NBC broadcast the pilot episode of The Dumplings on October 4, 1975. The Dumplings joined NBC's regular lineup on January 28, 1976, with a rebroadcast of the pilot in the show's regular time slot at 9:30 p.m. on Wednesdays. Its tenth and final episode aired on March 31, 1976. An eleventh episode was never broadcast.

==Episodes==

| No. | Title | Directed by | Written by | Original release date |
| 1 | "Pilot" | Paul Bogart | Don Nicholl, Michael Ross & Bernie West | October 4, 1975 |
Joe and Angela try to celebrate the anniversary of their first meeting. NBC rebroadcast this episode on January 28, 1976, as the first episode of the weekly series in its regular time slot.
| 2 | "The Ultimatum" | Unknown | Don Nicholl, Michael Ross & Bernie West | February 4, 1976 |
The Dumplings' landlord orders them to move their luncheonette out of the building after Joe calls Mr. Steele a thief.
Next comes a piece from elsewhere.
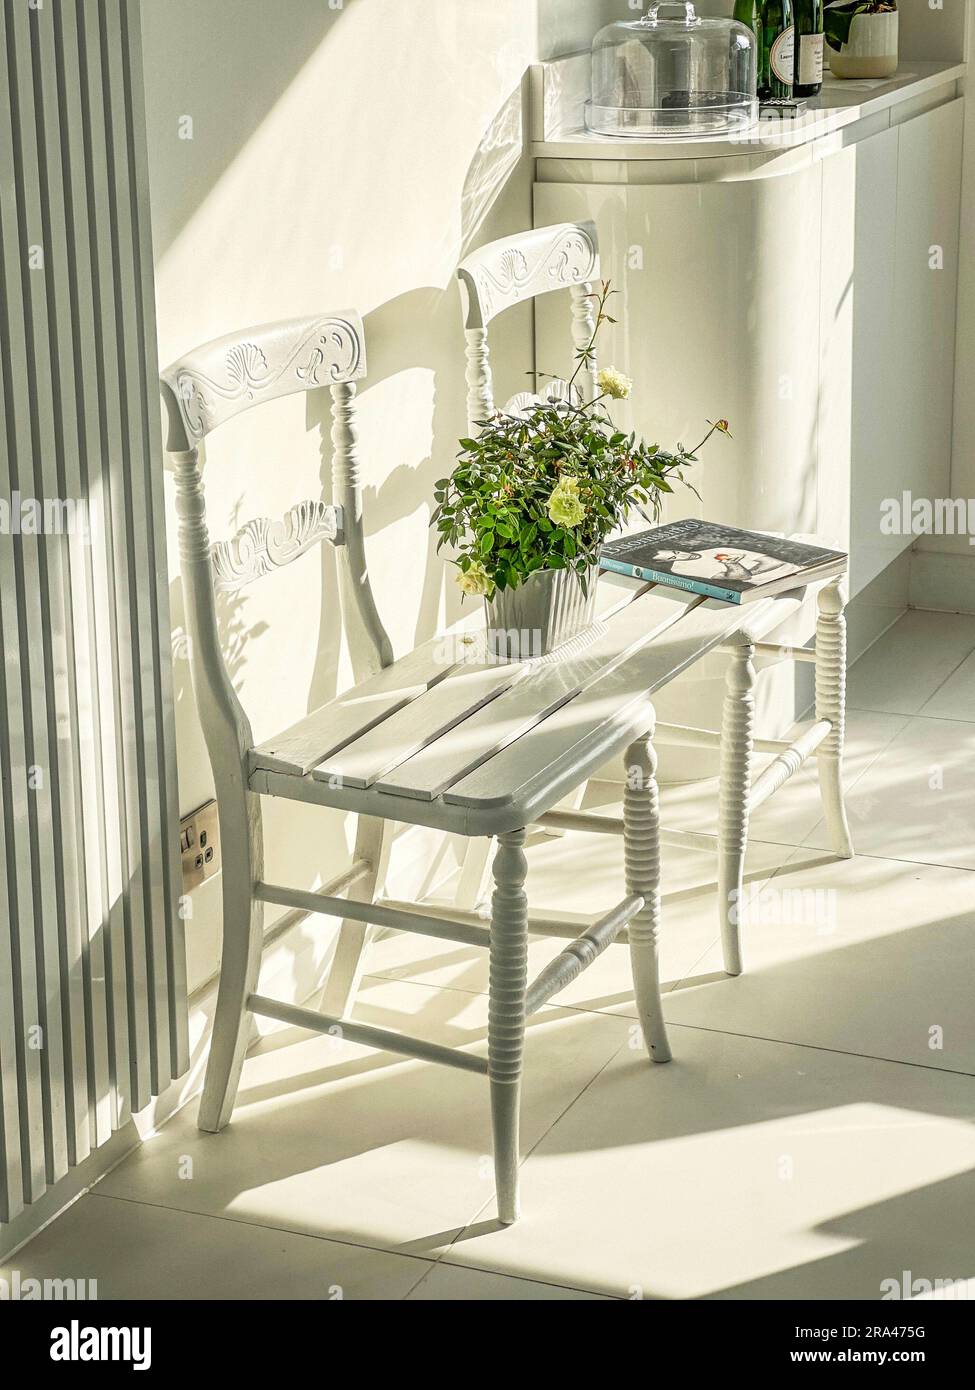 Eine Sitzbank, die durch die Verbindung von zwei Stühlen in einer modernen, modernen weißen Küche hergestellt wird. (Ich habe keine Freigabe für das Buch auf dem Bild) Stockfoto

| 3 | "To Drink or Not to Drink" | Unknown | Joseph Bonaduce | February 11, 1976 |
The Dumplings inherit a $900 bottle of wine and must decide whether or not to drink it.
| 4 | "The Parting" | Unknown | Don Nicholl, Michael Ross & Bernie West | February 18, 1976 |
Joe and Angela must be apart for the first time in their 15-year marriage.
| 5 | "Gourmet's Delight" | Unknown | Gary David Goldberg | February 25, 1976 |
A newspaper columnist praises Angela's soup.
| 6 | "Sweetzer's Image" | Unknown | Fred S. Fox & Seaman Jacobs | March 3, 1976 |
Mr. Sweetzer seeks refuge with the Dumplings after a fight with his wife.
| 7 | "Cully's Sister" | Unknown | Unknown | March 10, 1976 |
Cully's twin sister makes a surprise visit – and reveals an even bigger surprise.
| 8 | "The Other Woman" | Unknown | Barry Sand & Alan Uger | March 17, 1976 |
Stephanie becomes hysterical when she sees her boyfriend, Mr. Steele, with another woman.
| 9 | "The Foundling" | Unknown | Don Nicholl, Michael Ross & Bernie West | March 24, 1976 |
Angela talks a woman out of committing suicide.
| 10 | "Joe Takes a Fall" | Unknown | Bill Davenport | March 31, 1976 |
Joe is injured in a fall from a broken apartment step. Vernon Weddle guest-stars.
| 11 | "Joe Gets Jugged" | N/A | N/A | Unaired |
Joe is arrested after he accidentally knocks out a policeman.